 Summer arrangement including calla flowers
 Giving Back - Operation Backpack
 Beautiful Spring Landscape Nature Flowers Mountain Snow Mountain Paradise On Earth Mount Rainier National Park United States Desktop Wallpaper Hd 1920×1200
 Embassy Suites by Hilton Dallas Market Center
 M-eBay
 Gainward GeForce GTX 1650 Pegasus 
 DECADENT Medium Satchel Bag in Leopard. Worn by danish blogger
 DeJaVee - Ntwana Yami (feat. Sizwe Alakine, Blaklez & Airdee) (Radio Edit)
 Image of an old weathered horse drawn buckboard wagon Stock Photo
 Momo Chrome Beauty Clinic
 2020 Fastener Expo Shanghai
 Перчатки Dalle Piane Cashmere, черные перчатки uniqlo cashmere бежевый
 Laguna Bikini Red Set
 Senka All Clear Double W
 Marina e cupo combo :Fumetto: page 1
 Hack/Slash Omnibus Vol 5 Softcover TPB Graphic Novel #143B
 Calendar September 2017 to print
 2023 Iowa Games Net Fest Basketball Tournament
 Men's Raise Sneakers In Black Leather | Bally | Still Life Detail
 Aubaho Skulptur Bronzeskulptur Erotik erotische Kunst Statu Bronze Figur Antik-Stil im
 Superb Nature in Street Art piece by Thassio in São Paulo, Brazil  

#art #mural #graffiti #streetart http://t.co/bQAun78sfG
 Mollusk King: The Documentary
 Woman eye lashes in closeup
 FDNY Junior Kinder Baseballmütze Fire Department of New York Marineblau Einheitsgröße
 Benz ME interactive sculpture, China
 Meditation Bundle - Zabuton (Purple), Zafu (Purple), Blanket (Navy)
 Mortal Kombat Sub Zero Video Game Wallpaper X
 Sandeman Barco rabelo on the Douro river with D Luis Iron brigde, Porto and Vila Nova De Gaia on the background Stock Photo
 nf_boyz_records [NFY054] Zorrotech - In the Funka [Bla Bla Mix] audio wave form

__________

» **About this exercise**: Isolate the lines above that contain the word "Photo" and copy them.

» **Result**:
 Image of an old weathered horse drawn buckboard wagon Stock Photo
 Sandeman Barco rabelo on the Douro river with D Luis Iron brigde, Porto and Vila Nova De Gaia on the background Stock Photo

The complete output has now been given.